Sum Root to Leaf Numbers LeetCode Solution

Table of Contents

Problem Statement

Sum Root to Leaf Numbers LeetCode Solution says – You are given the root of a binary tree containing digits from 0 to 9 only.

Each root-to-leaf path in the tree represents a number.

For example, the root-to-leaf path 1 -> 2 -> 3 represents the number 123.

Return the total sum of all root-to-leaf numbers. Test cases are generated so that the answer will fit in a 32-bit integer.

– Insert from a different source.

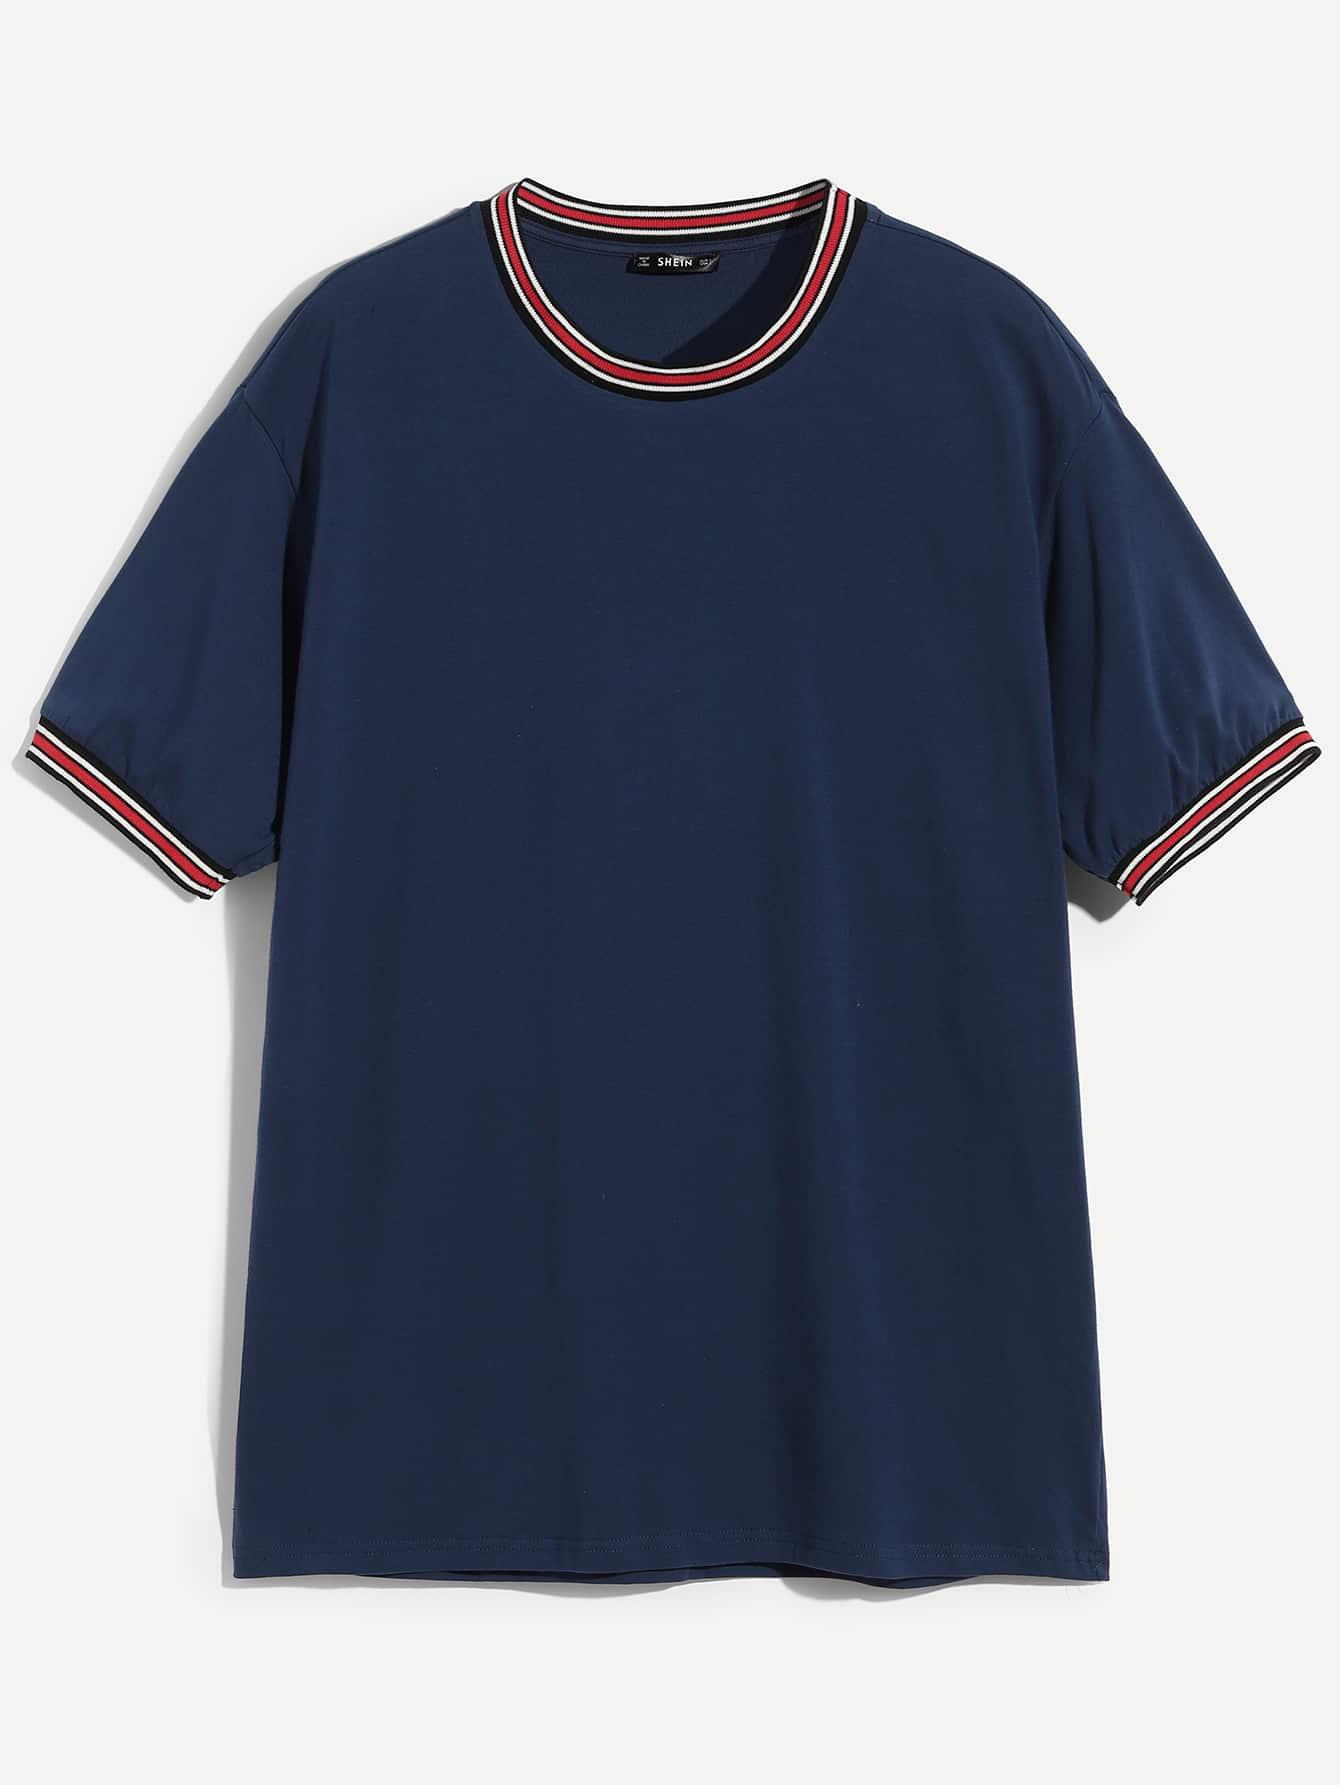 Купить Однотонная футболка с полосатым низом для мужчин, null, SheIn
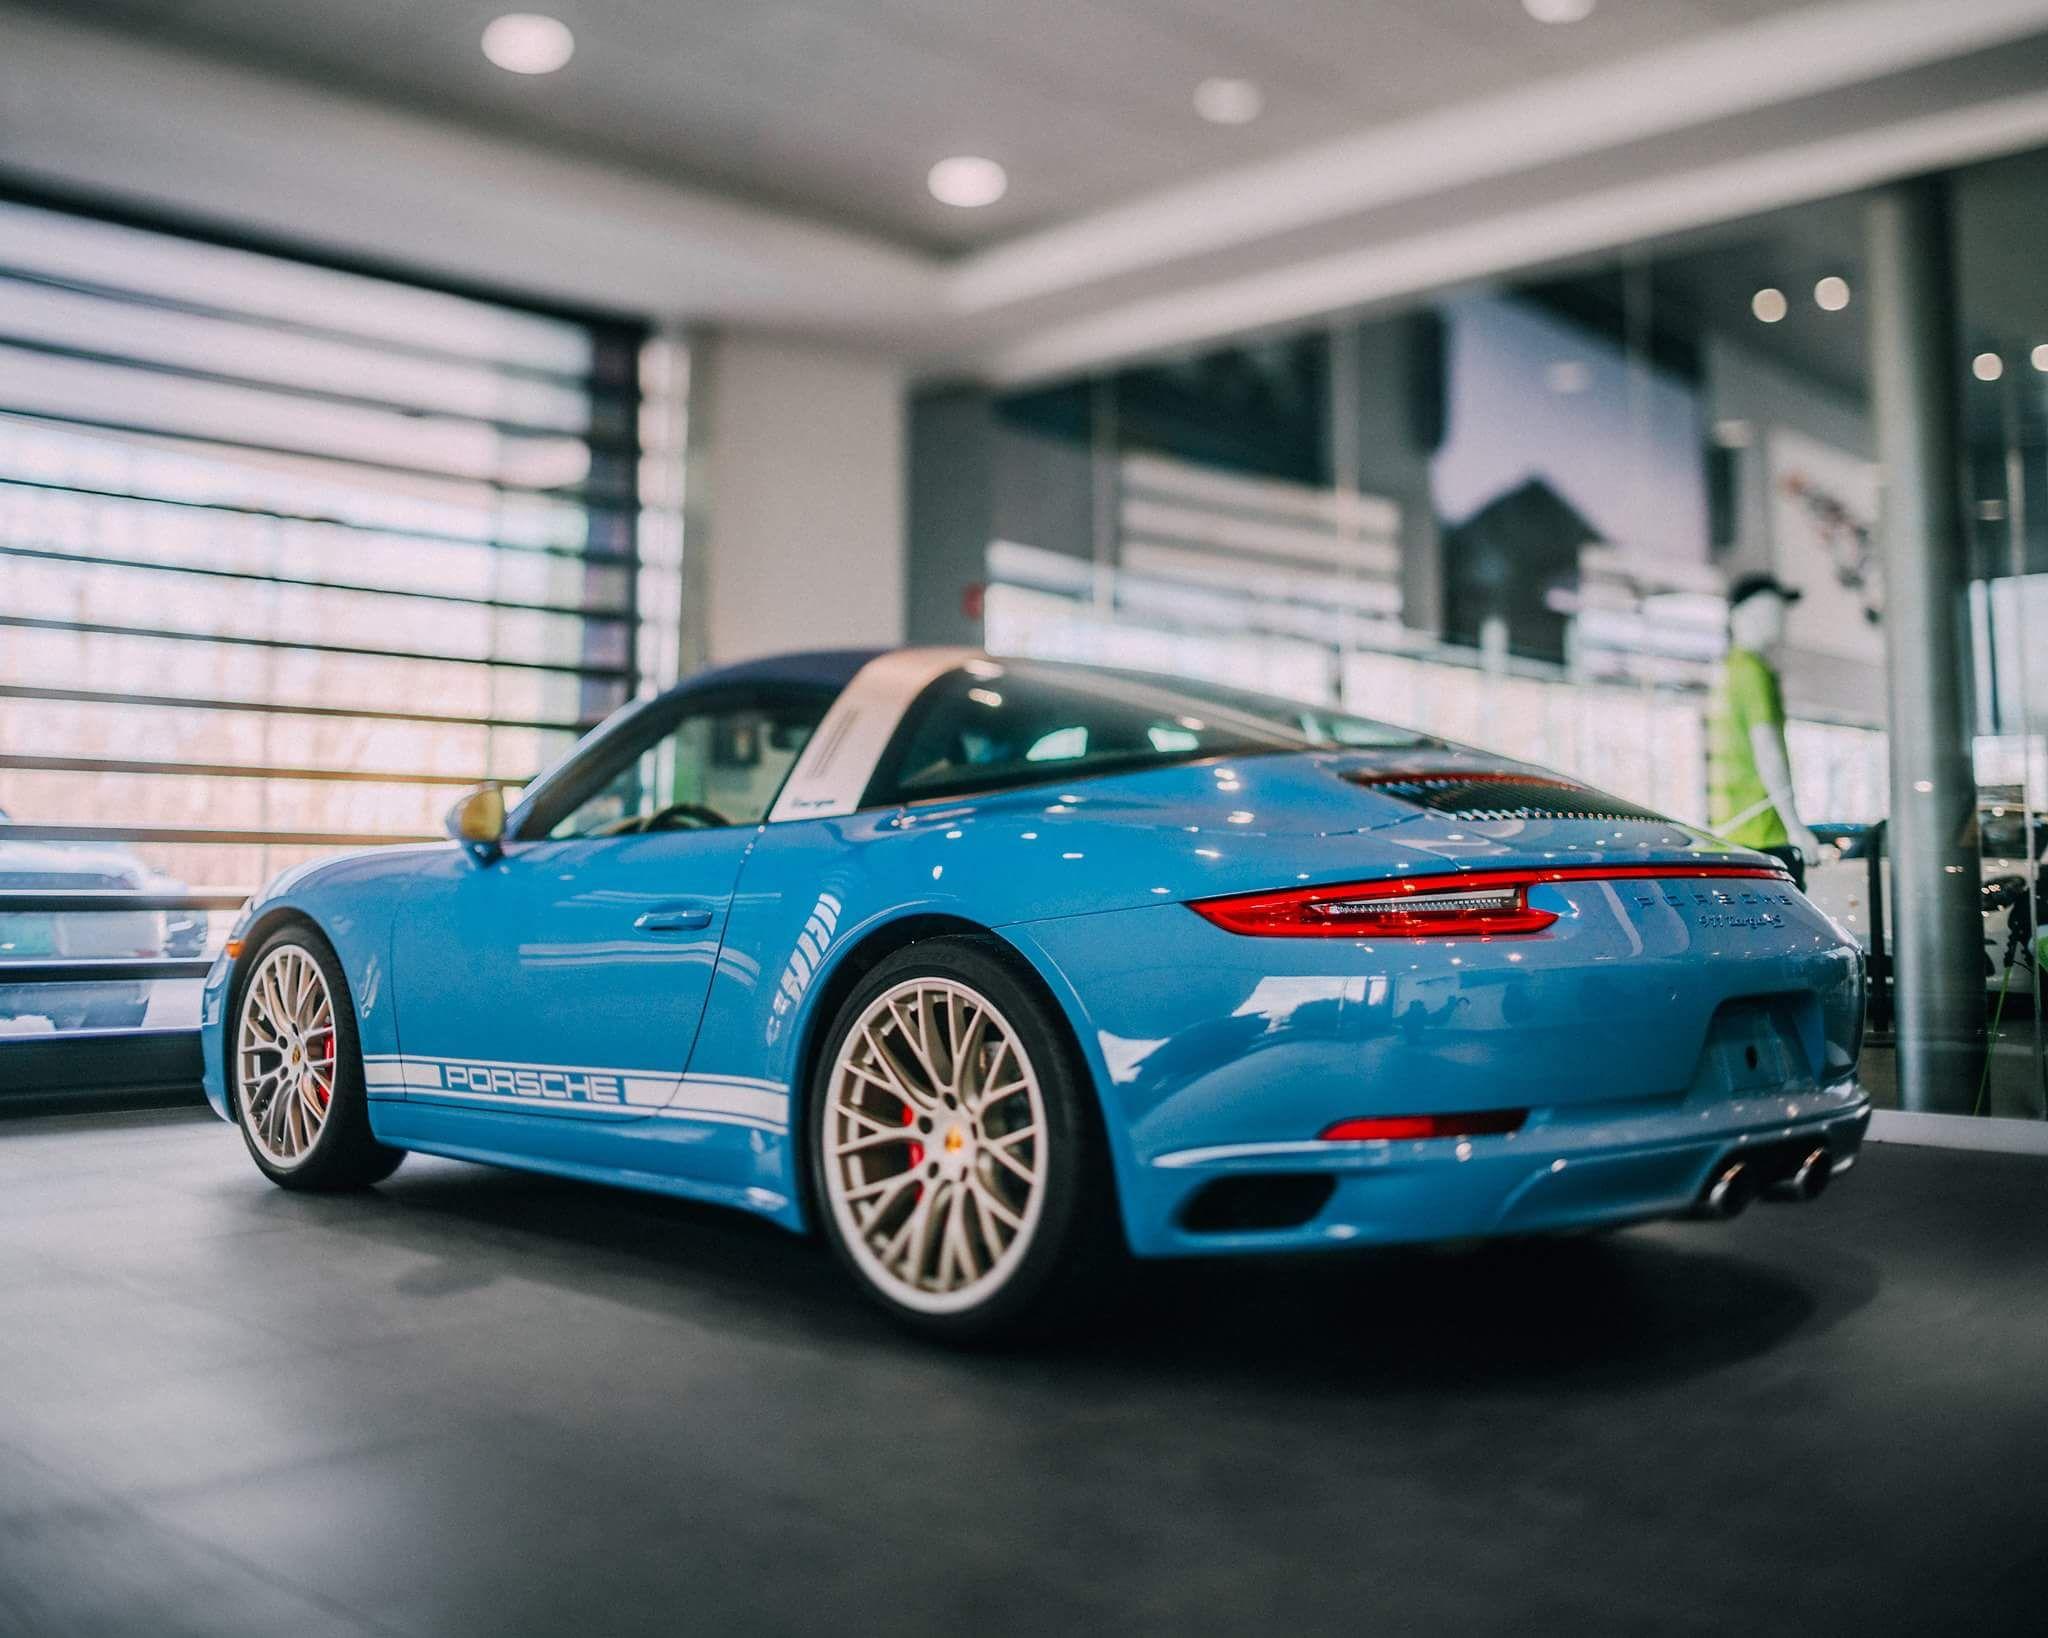 991 2 Targa 4s Exclusive Design Edition Porsche Porsche911 Porschelife Cayenne Cars Car Porsche 911 Targa Porsche 911 Porsche Gt

A leaf node is a node with no children.

Input: root = [1,2,3]
Output: 25
Explanation:
The root-to-leaf path 1->2 represents the number 12.
The root-to-leaf path 1->3 represents the number 13.
Therefore, sum = 12 + 13 = 25.

Input: root = [4,9,0,5,1]
Output: 1026
Explanation:
The root-to-leaf path 4->9->5 represents the number 495.
The root-to-leaf path 4->9->1 represents the number 491.
The root-to-leaf path 4->0 represents the number 40.
Therefore, sum = 495 + 491 + 40 = 1026.

Explanation

We recursively go to each node and check if it is null or not
a- If it is a null node, then we skip it and move to the next
b- If it is not a null node, we multiply the current by 10, and add the node value

We repeat the same procedure for all the nodes present, to get the final answer and return it.

Code

Java Solution:

class Solution {
    
    public int sumNumbers(TreeNode root) {
        
        return solve(root, 0);
    }
    
    int solve(TreeNode root, int curr){
        
        if(root == null){
            return 0;
        }
        
        curr = curr*10 + root.val;
        
        if(root.left == null && root.right == null){
            //leaf node
            return curr ;
        }
        
        return solve(root.left, curr) + solve(root.right, curr);
    }
}

C++ Solution

class Solution {
public:
    
    void solve(TreeNode* root, int ans, int &fans)
    {
        if(!root)
            return;
        
        if(!root->left && !root->right)
        {
            ans = ans *10 + root->val;
            fans +=ans;
            return;
        }
        
        ans = ans *10 + root->val;
        solve(root->left, ans, fans);
        solve(root->right, ans,fans);
    }
    int sumNumbers(TreeNode* root) 
    {
        int ans =0;
        int fans = 0;
        solve(root, ans, fans);
        return fans;
    }
};

Complexity Analysis of Sum Root to Leaf Numbers Leetcode Solution:

Time complexity O(N) where N is number of Nodes

Space complexity O(H) where H is the height of the tree